Eventually, however, “Checky” comes over to accept a treat of a banana from his rider, Samantha Mcintosh, who finds his grumpy faces endearing.
Samantha and Check In jump-off to win the CSI3* 1.50 Grand Prix.
“That’s the first grand prix I’ve won on him. He’s had lots of placings but that’s the first time we’ve been up front,” she says of the 16-year-old Oldenburg, her partner of four years and mount for the FEI World Equestrian Games last fall. “His jump is just phenomenal. He has a lovely, huge, big stride.”
Sam and the Takapoto Equestrian-owned stallion posted one of only four double-clear trips out of 52 in the first round of the grand prix. The last to jump-off, they needed a clean, quick round to top Best of Berlin BS and Switzerland’s Edwin Smits, who had already banked three victories in as many days.
“It was good I was at the end [of the starting order], so I had watched most of the class,” Sam says. She described the course as technical and requiring adjustability — not exactly Checky’s strong suit. “I knew I had to watch the time allowed. He has a big, slow movement. The first round wasn’t the most beautiful round I’ve ridden but he fought really hard. He knows his job and he really wanted to be the winner today I think.”

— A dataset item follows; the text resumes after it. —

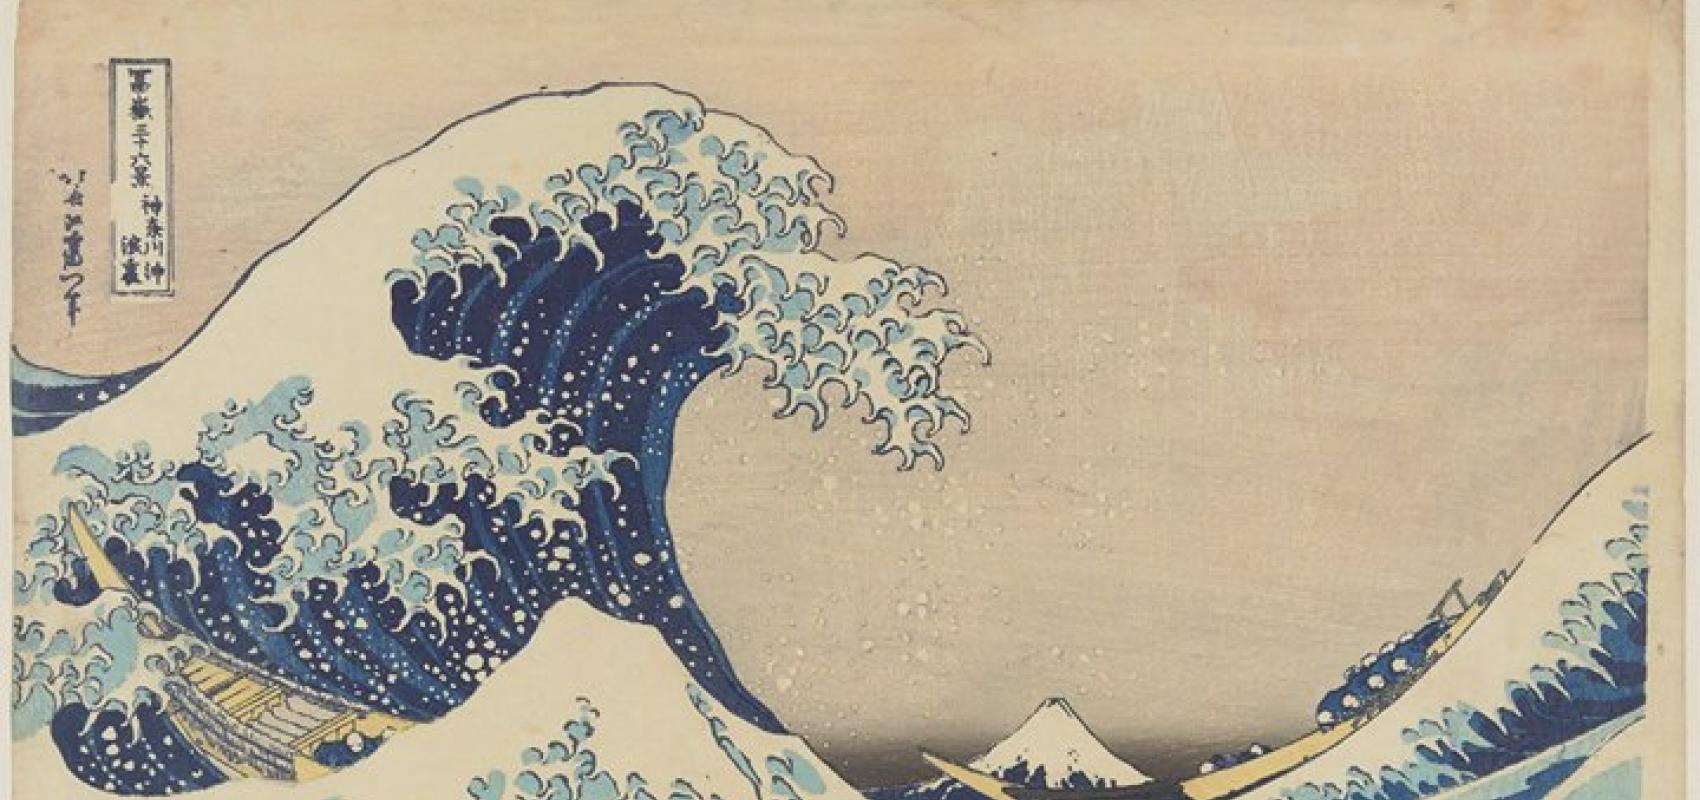 Grand vague Hokusai -  - Hokusai

James S (far right) and his stable mates hoping for a fruity treat.
As they take their victory lap, Sam drops her hand and nods in acknowledgement of the cheering spectators, but she has eyes only for her horse, silently soaking in the moment with him.
Back at the barns, the quiet demeanor she exhibits in the saddle is mimicked on the ground. Going stall to stall, each horse greets Sam with an expression of genuine friendship. She offers one the remainder of Checky’s banana.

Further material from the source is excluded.